> REQUIREMENT
A verbatim restatement of the data, free of pictures, is what you should output.

START INPUT DATA

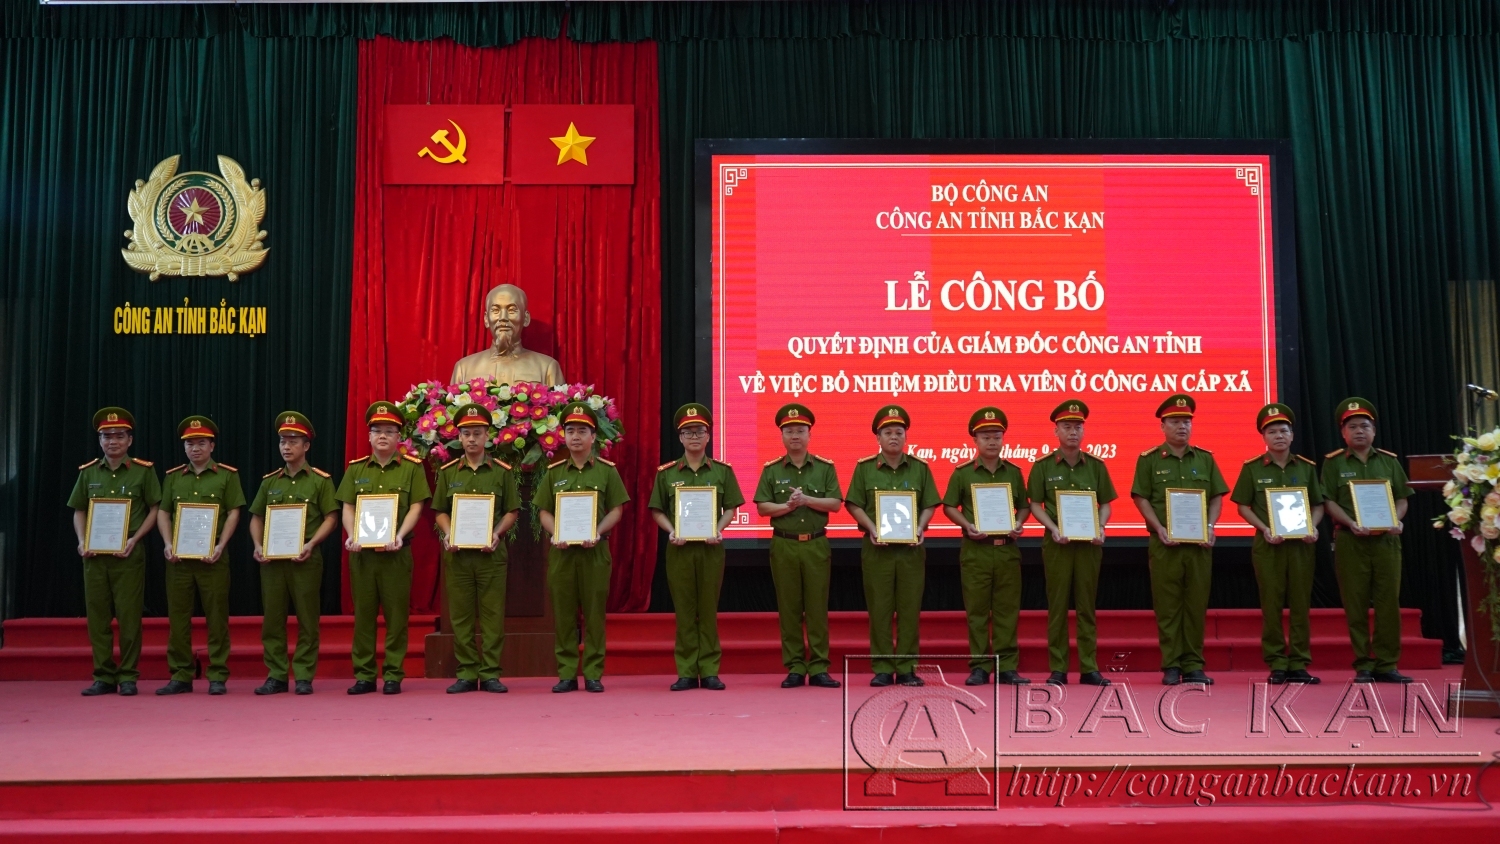 Thượng tá Lê Hồng Giang Phó Giám đốc công an tỉnh, Thủ Trưởng cơ quan Cảnh sát điều tra Công an tỉnh trao quyết định bổ nhiệm Điều tra viên sơ cấp
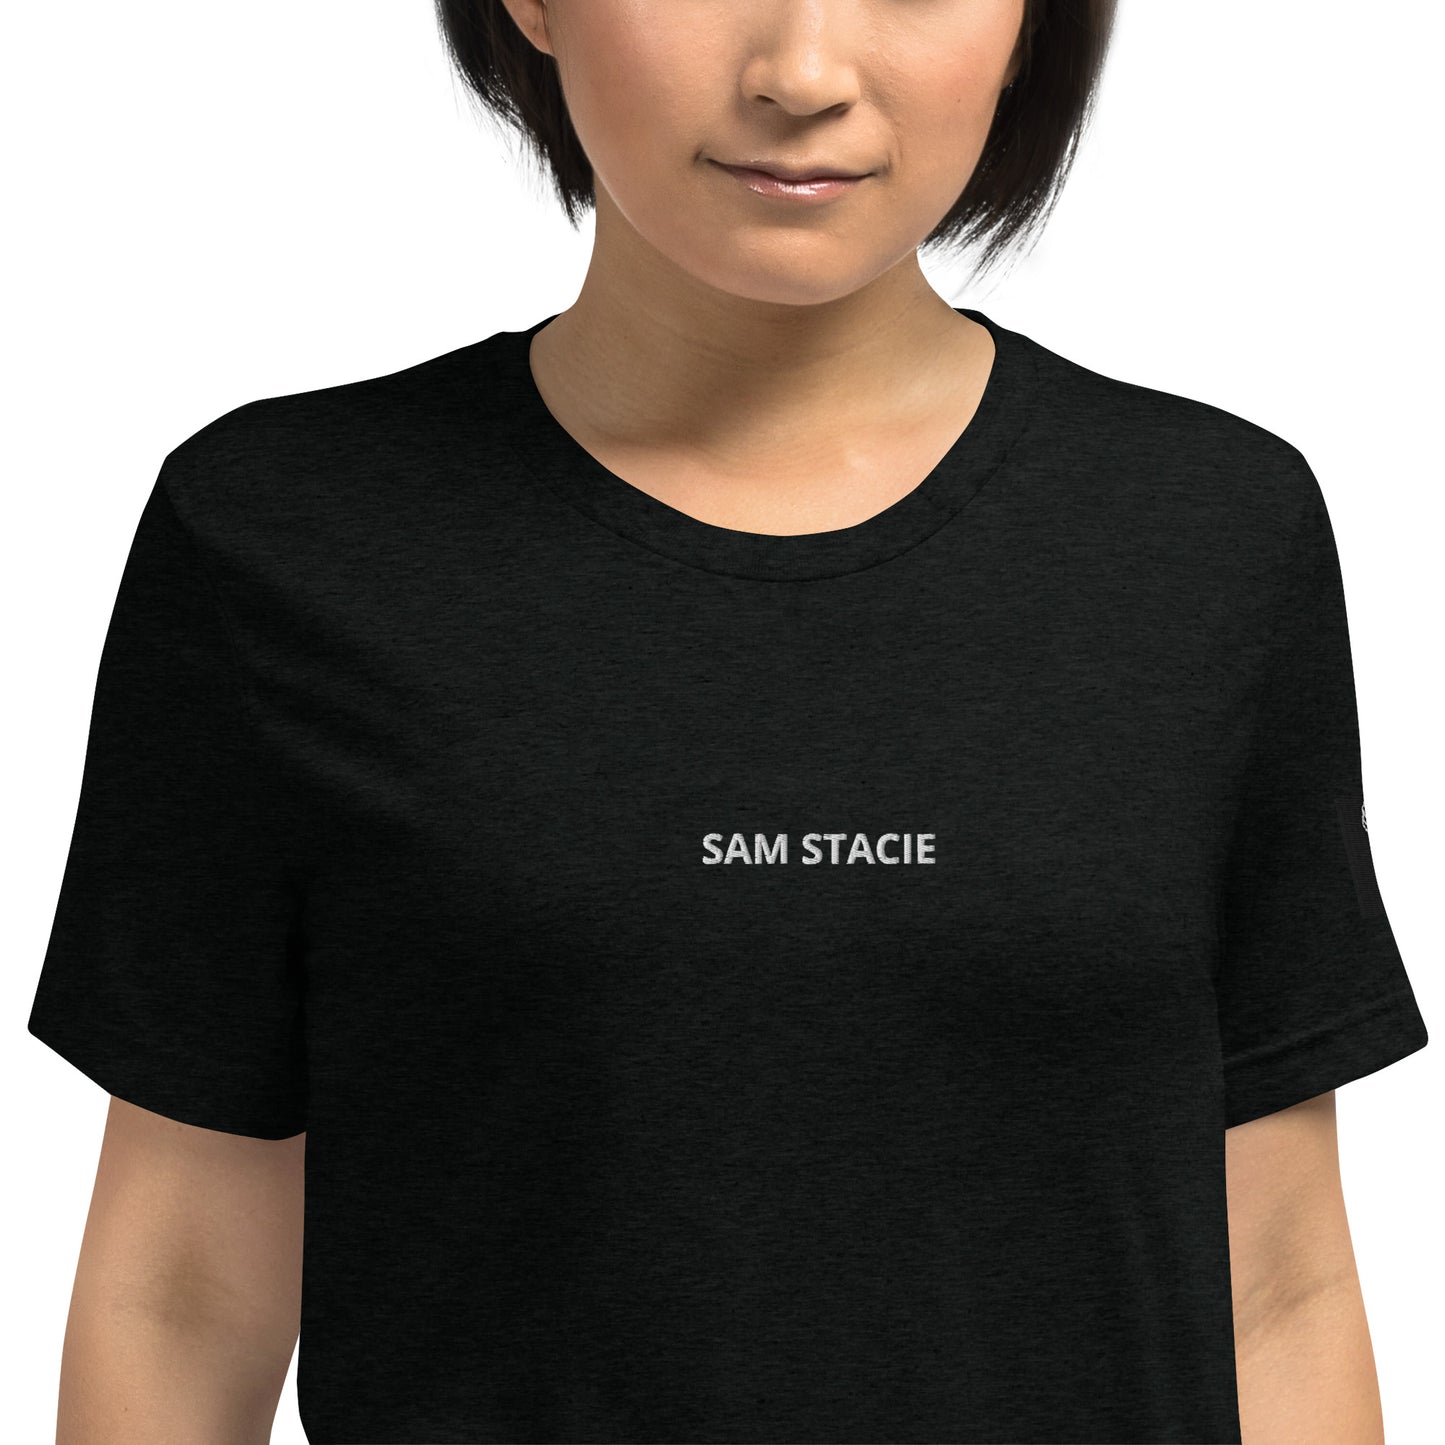 SAM STACIE Short sleeve t-shirt
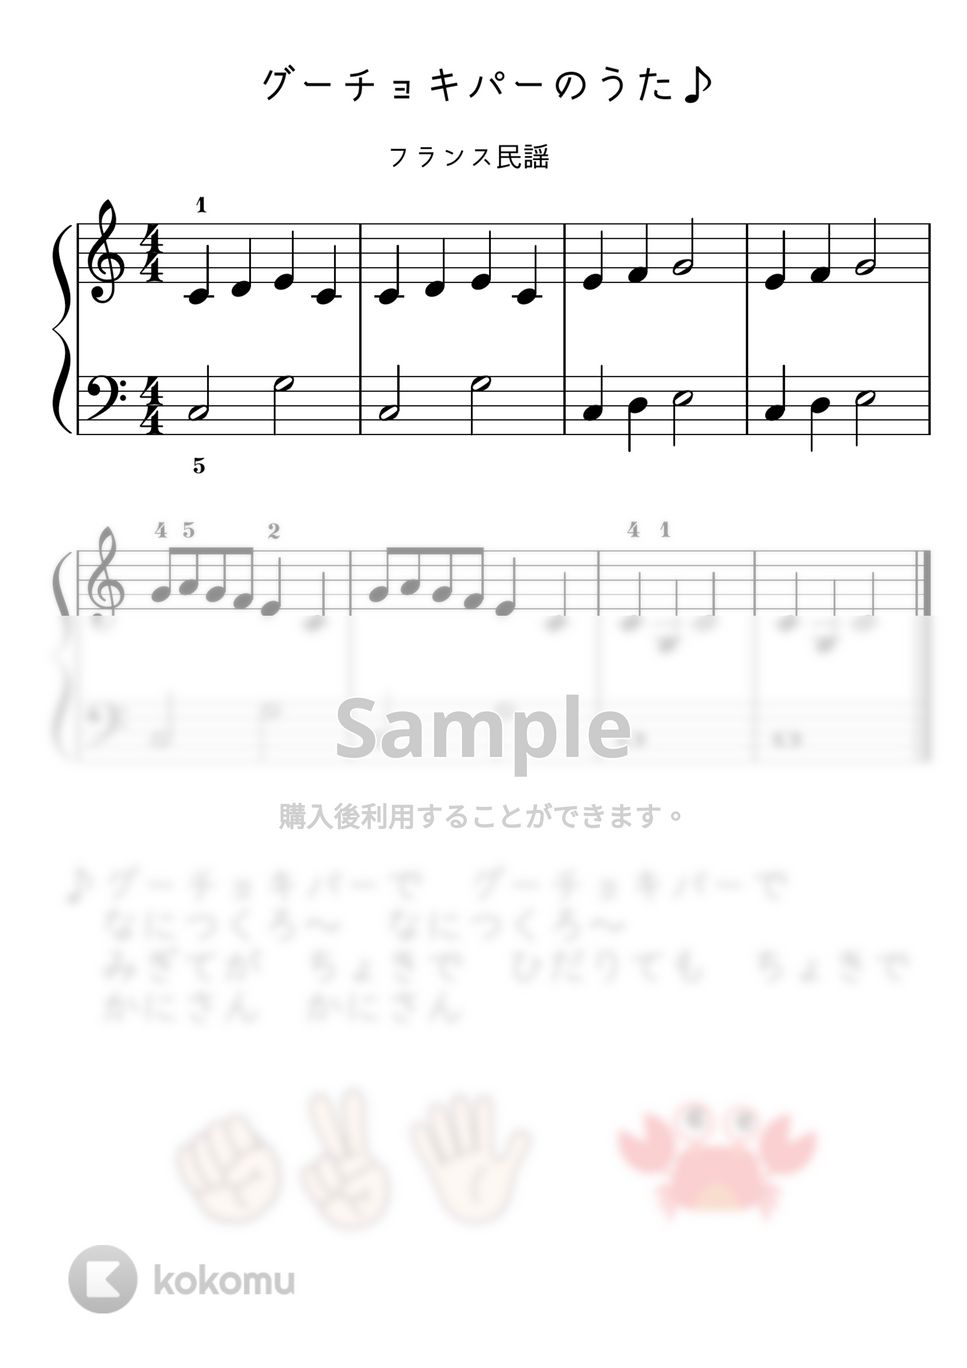 【初級】グーチョキパーのうた（フレール・ジャック） by ピアノのせんせいの楽譜集

END INPUT DATA

> ANSWER FOR THIS EXERCISE
 Thượng tá Lê Hồng Giang Phó Giám đốc công an tỉnh, Thủ Trưởng cơ quan Cảnh sát điều tra Công an tỉnh trao quyết định bổ nhiệm Điều tra viên sơ cấp
 SAM STACIE Short sleeve t-shirt
 【初級】グーチョキパーのうた（フレール・ジャック） by ピアノのせんせいの楽譜集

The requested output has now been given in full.